- _RECORDED INFORMATION_
Start of Block

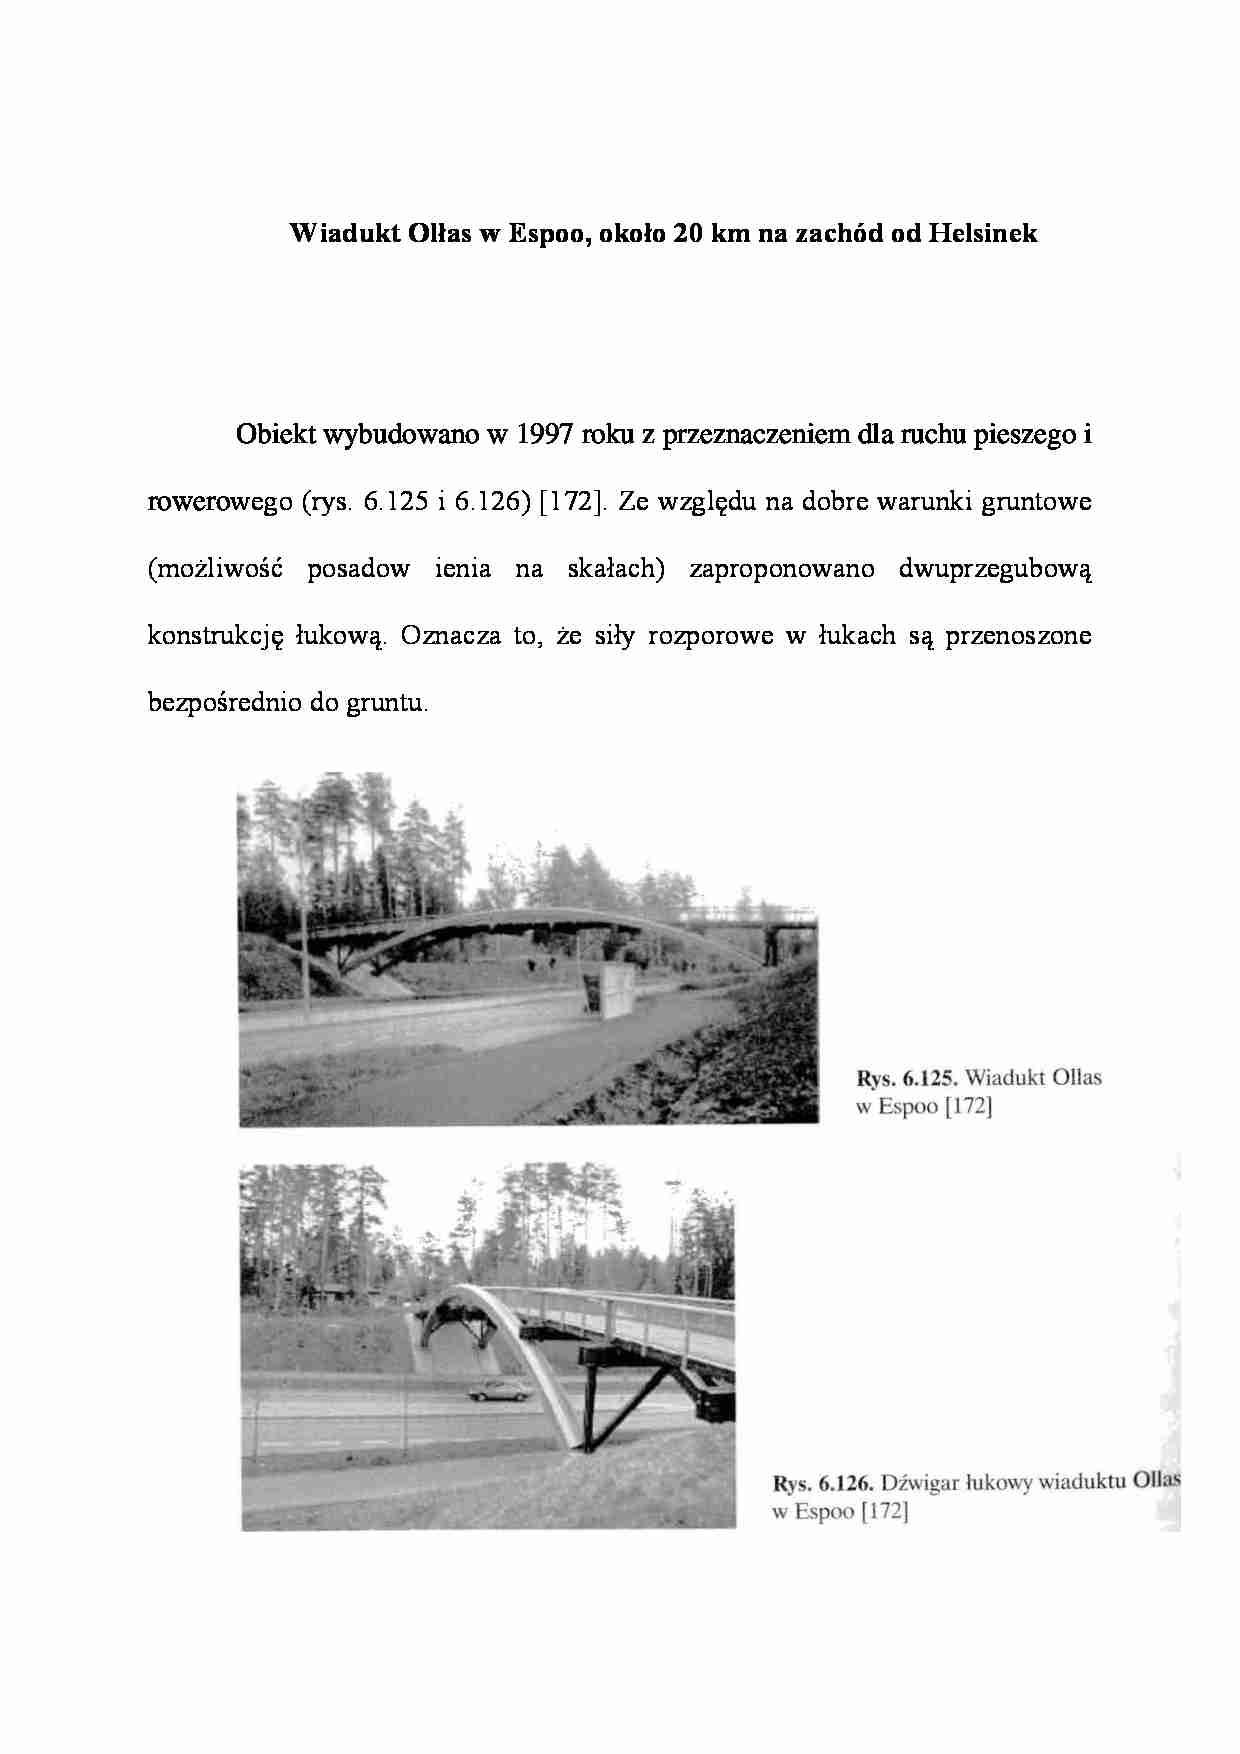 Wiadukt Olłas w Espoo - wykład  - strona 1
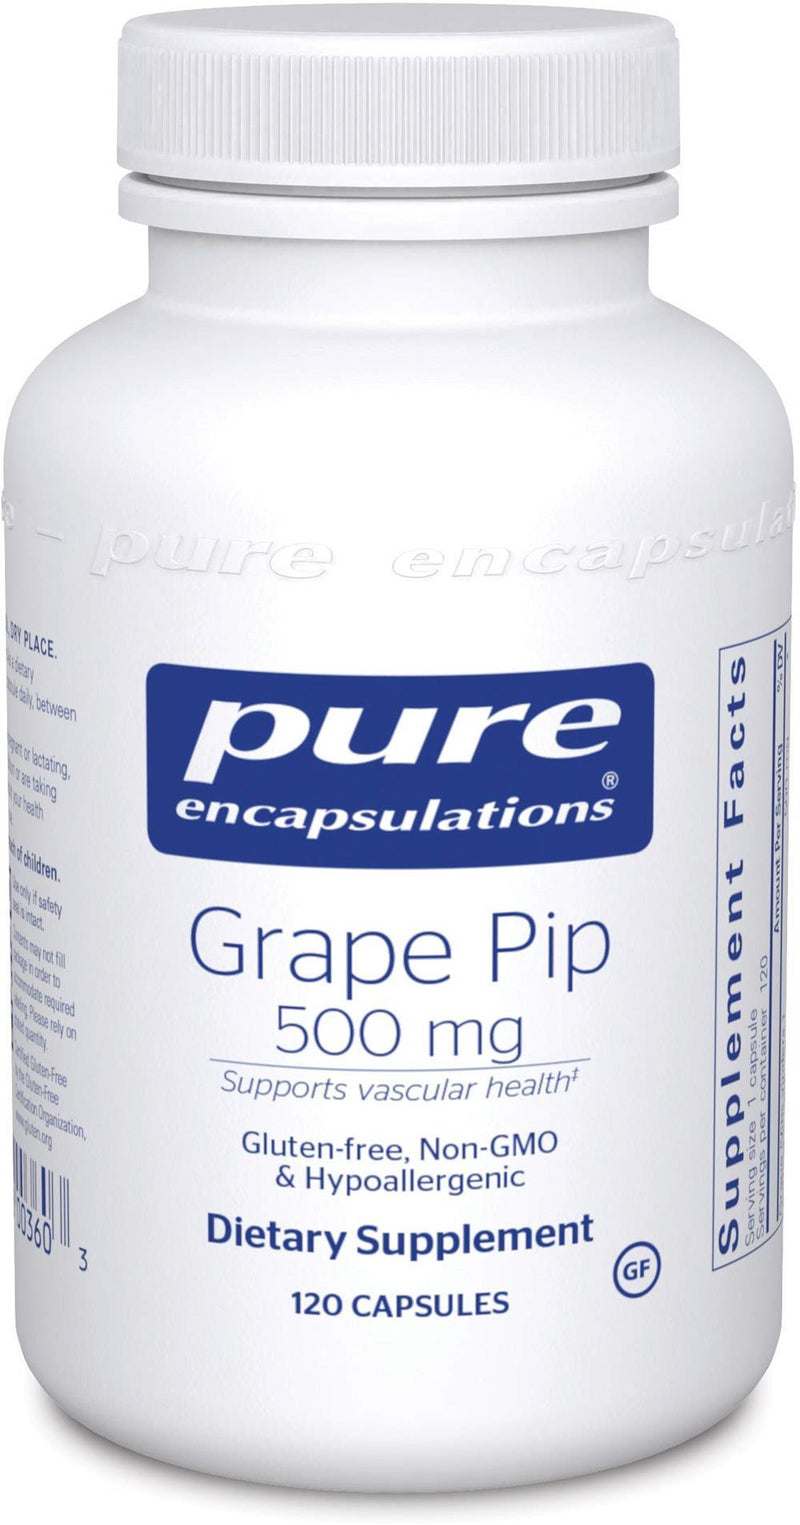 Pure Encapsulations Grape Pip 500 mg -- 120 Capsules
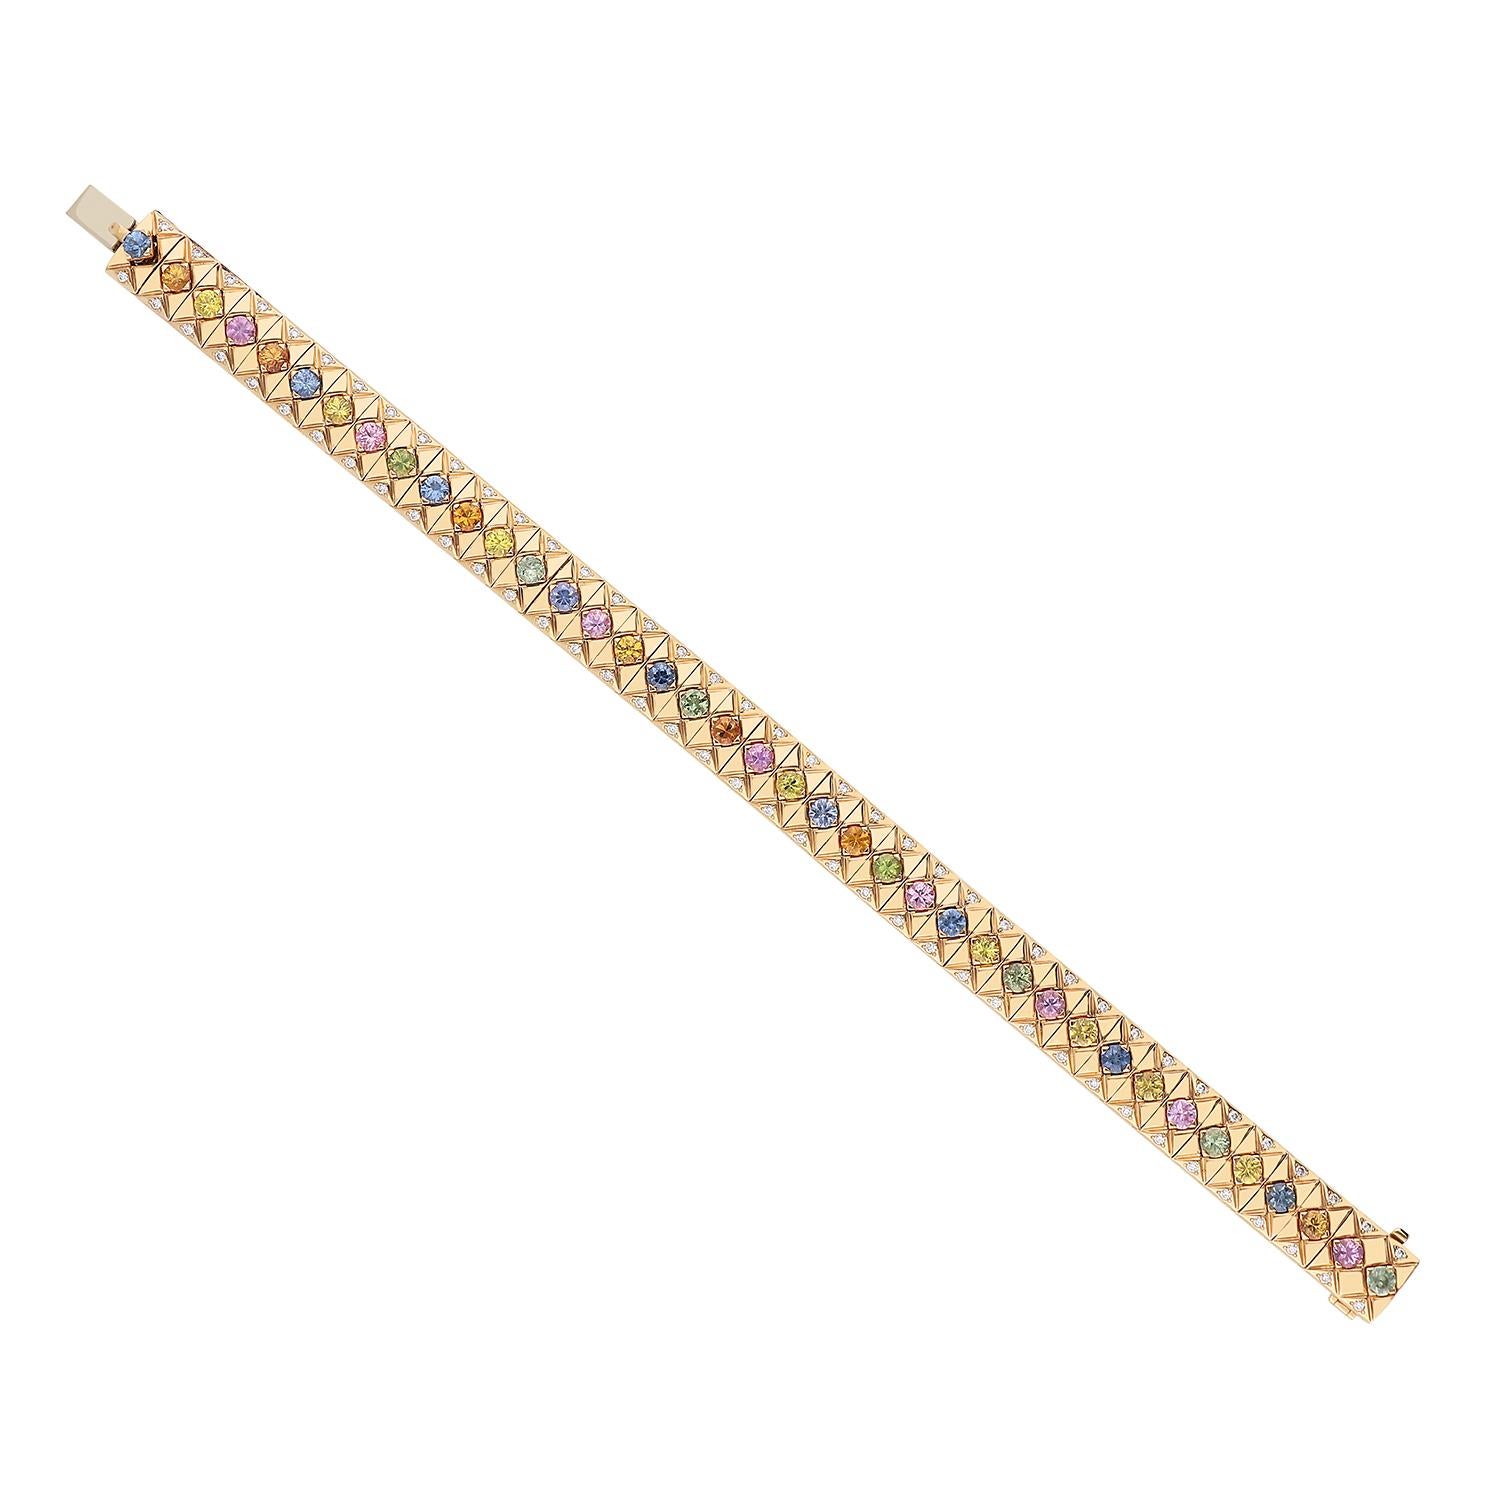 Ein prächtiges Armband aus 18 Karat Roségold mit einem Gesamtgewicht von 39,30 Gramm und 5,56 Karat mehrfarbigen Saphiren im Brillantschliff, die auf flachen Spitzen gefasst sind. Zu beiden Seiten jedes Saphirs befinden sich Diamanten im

End of Block

- _YOUR INSTRUCTIONS_
Here the job is to output the lines from the top of the listing through the line holding "Pure Encapsulations Grape", word for word and without pictures.

- _ANSWER SPACE_
 Wiadukt Olłas w Espoo - wykład  - strona 1
 Pure Encapsulations Grape Pip 500 mg -- 120 Capsules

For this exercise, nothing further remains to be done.